After that, the doctor left Leorio with Hisa because this can be his last time to see her breathing. Hisa can possibly die anytime now…

_Maybe, this will be my last hours in this world but I still don't want him to cry for me. _She heard his voice again and it was as if pleading her to just open her eyes and let him see her like she is before.

"I didn't know that you have a heart disease… But please, open those eyes again and let me see your smiles once more. Let's prove to that doctor that he is wrong."

_ Alright, I just need to open my eyes and show him not to worry because I am happy, I deserve this anyway… No one will love me if he'll go away too so, I'll just choose to rest even I didn't have the chance to tell him that I love him. So please, just for a while let me borrow my strength once again… I just want to apologize._

She tried to open her eyes and finally, did it. She saw Leorio weeping beside him and telling himself what he should do. Then the girl seemed to call the Leorio without words; her sensei looked at her with those sad eyes and was about to call the doctor when Hisa spoke.

"No… need…"

She said again like she usually says before whenever he suggests.
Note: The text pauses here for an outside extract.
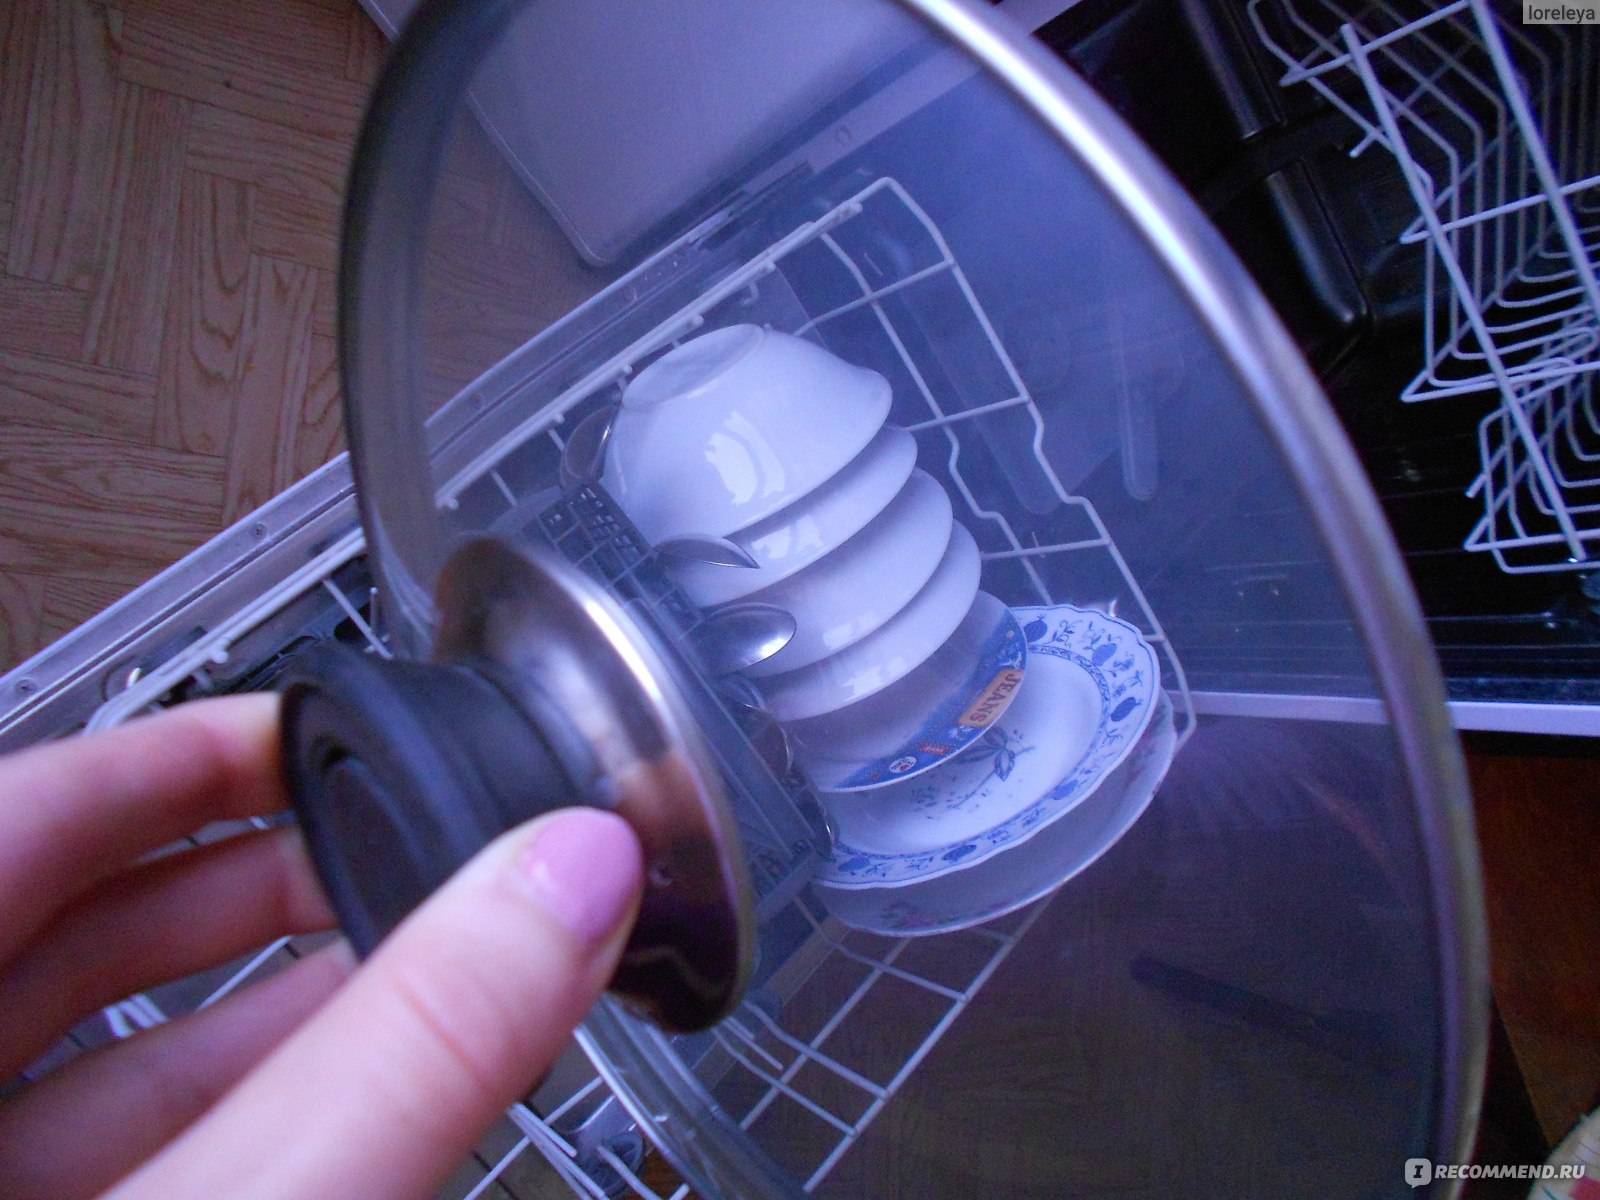 Как избавиться от налета на посуде

Her voice seemed to fade away but it didn't matter, at least it stopped Leorio. The guy hugged her and thanked her for coming back.

He managed to smile even though he knows that he can lose Hisa now. At least, he saw the girl like this once again.

That made Hisa cry and finally, her tears flow but Leorio shushed her and wiped her tears with his fingers gently.

"Don't leave me… I'm pleading on you… don't…"

"I can't… I want to rest sensei… I can't take… the pain that I feel… whenever…"

Her voice faded again so, Leorio seemed to finish his sentence with what he thought Hisa is about to say. "Because of me right? What did I do this time…?"

Her chuckles came so soft and that made a pain crept on the other's heart but, instead of telling him what's wrong, "I'm sorry…" she just said as she cries harder.

Her sensei shushed him and told her something that she didn't expect. "You want to cut all of our communication to avoid me? All this time, I've been hurting you right? I'm really sorry too…"

He said to Hisa but the other felt the pain in her chest again. It is as if her heart was took and been punched hard. So, her weeping was replaced by a sad smile, she didn't answer Leorio again and slowly closed her eyes.

A moan of pain escaped her lips and that made Leorio hug her tightly. "I don't care what the others will say to me but don't leave me because… I think I can't do anything without you by my side."

Hisa placed her hand on Leorio's back, she wants to hug back but she can't. She wants to tell him that she loves him but she is afraid that it will bother Leorio more so; she just kept her mouth with that sorrowful smile and let the fate do whatever it wants with her.

_Thank you for being the last person that my eyes saw… I wanted to rest myself from suffering. And although I can't say it to you directly, I still love you but l needs to say… goodbye…_

Her eyes shut tightly and she let out her final breath. Her expression now seemed to be happy unlike earlier. So, when Leorio realized that she decided to leave him, he took her hand and told her.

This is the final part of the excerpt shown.